Barbara's second argument is that, as manager of Stewart LLC, she had a power of attorney coupled with an interest that rendered her immune from removal as manager unless she consented to her removal. In support of this proposition she cites the Amended Agreement, which was allegedly adopted after her removal as manager. Stewart LLC's prior operating agreement, which is not in the record, would have governed Barbara's removal. Even assuming that the power of attorney language in the Amended Agreement appeared verbatim in the predecessor operating agreement, the power of attorney relied upon by Barbara is merely to take certain ministerial actions in order to carry out the terms of the operating agreement. This provision does not require her consent to remove her as manager of Stewart LLC.

However, Barbara also argues that the October 11, 2011, "meeting," where Bill was apparently the sole attendee, or, at any rate, the sole attendee exercising any power, was improperly noticed. She again invokes the Amended Agreement, but, again, that document was allegedly adopted after her removal as manager. The operating agreement that was in force prior to the Amended Agreement is the governing document. For his part, Bill also relies on the Amended Agreement to argue that the October 11, 2011 meeting was properly called, and, in addition, that he had the power to act as he did on behalf of the members of Stewart LLC to remove Barbara. The Amended Agreement is not the agreement that governed when Barbara was purportedly removed as manager. Bill does not attach the prior operating agreement and he does not represent that the prior operating agreement was identical to the Amended Agreement with respect to the removal of managers. Therefore, among other questions, we do not know whether the prior operating agreement allowed for removal of a manager for cause without notice. Accordingly, there is an issue of fact as to whether Barbara was properly removed as co-manager of Stewart LLC. If she was not properly removed as manager, then there is a question as to whether Stewart LLC is authorized to bring this lawsuit.

Barbara's remaining arguments are without merit.

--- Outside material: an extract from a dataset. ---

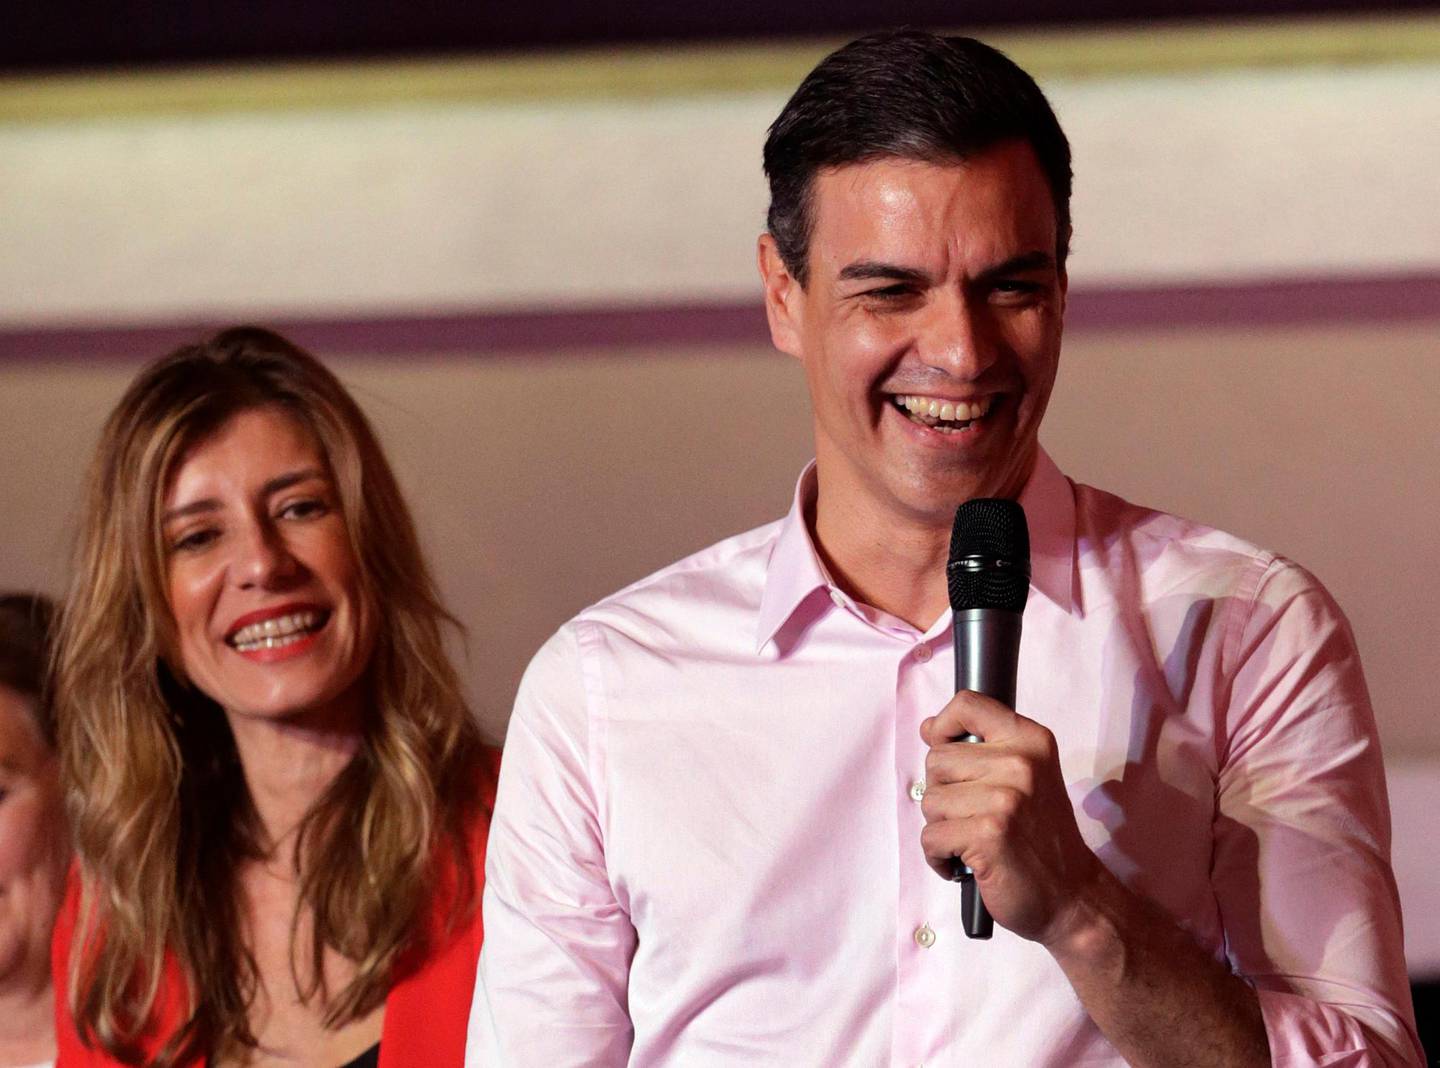 Spanish Prime Minister and Socialist Party candidate Pedro Sanchez speaks to supporters gathered at the party headquarters waiting for results of the general election in Madrid, Sunday, April 28, 2019. Spain's governing Socialists won the country's national election Sunday but will need the backing of smaller parties to stay in power, while a far-right party rode a groundswell of support to enter the lower house of parliament for the first time in four decades, provisional results showed. At left is his wife Maria Begona Gomez. (AP Photo/Andrea Comas)

Barbara contends that the court should have awarded her attorney's fees she incurred with respect to plaintiff's effort to seize the paintings pursuant to CPLR 7108(a). That statute states in relevant part:

"If an order of seizure granted without notice is not confirmed as required pursuant to [CPLR 7102(d)(4)],[FN6] the plaintiff, unless the court orders otherwise upon good cause shown, shall be liable to the defendant for all costs and damages, including reasonable attorney's fees, which may be sustained by reason of the granting of the order of seizure without notice."

Supreme Court properly denied Barbara fees and expenses under CPLR 7108. Although plaintiff obtained an order of seizure without notice and such order was not confirmed, the reason it was not confirmed is that the parties entered into a so-ordered stipulation as to the location of the paintings pendente lite.

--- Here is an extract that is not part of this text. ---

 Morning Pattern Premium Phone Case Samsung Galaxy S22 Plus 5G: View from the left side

Barbara also contends that the motion court erred by dismissing her third-party complaint, in which she seeks indemnity and contribution from Bill. Supreme Court correctly dismissed the third-party complaint.

"The principle of common-law, or implied indemnification, permits one who has been compelled to pay for the wrong of another to recover from the wrongdoer the damages it paid to the injured party" (17 Vista Fee Assoc. v Teachers Ins. & Annuity Assn. of Am., 259 AD2d 75, 80 [1st Dept 1999]; see also City of New York v Lead Indus. Assn., 222 AD2d 119, 125 [1st Dept 1996] ["It is the independent duty which the wrongdoer owes to prevent the other from becoming vicariously liable, and cast in damages, to the injured party that is the predicate for the indemnity action"]). In the main action plaintiff does not seek any damages from Barbara; plaintiff merely seeks the paintings. Hence, Supreme Court properly dismissed the indemnity claim on the ground that no money damages are at stake.

Furthermore, "an indemnity cause of action can be sustained only if the third-party plaintiff and the third-party defendant have breached a duty to the plaintiff and also if some duty to indemnify exists between them" (Rosado v Proctor & Schwartz, 66 NY2d 21, 24 [1985] [internal quotation marks omitted]; see also Chemical Bank v Stahl, 272 AD2d 1, 19 [1st Dept 2000] ["The gravamen of an action for indemnity is that both parties . . . are subject to a duty to a third person under such circumstances that one of them, as between themselves, should perform it rather than the other" (internal quotation marks omitted)]). Only Barbara may owe a duty to return the paintings to plaintiff; Bill does not.

Barbara's contribution claim also fails. "The basic requirement for contribution . . . is that the culpable parties must be subject to liability for damages for the same personal injury, injury to property or wrongful death" (Nassau Roofing & Sheet Metal Co. v Facilities Dev. Corp., 71 NY2d 599, 602-603 [1988] [internal quotation marks omitted]). The main action does not seek damages for injury to property; instead, plaintiff seeks the paintings themselves.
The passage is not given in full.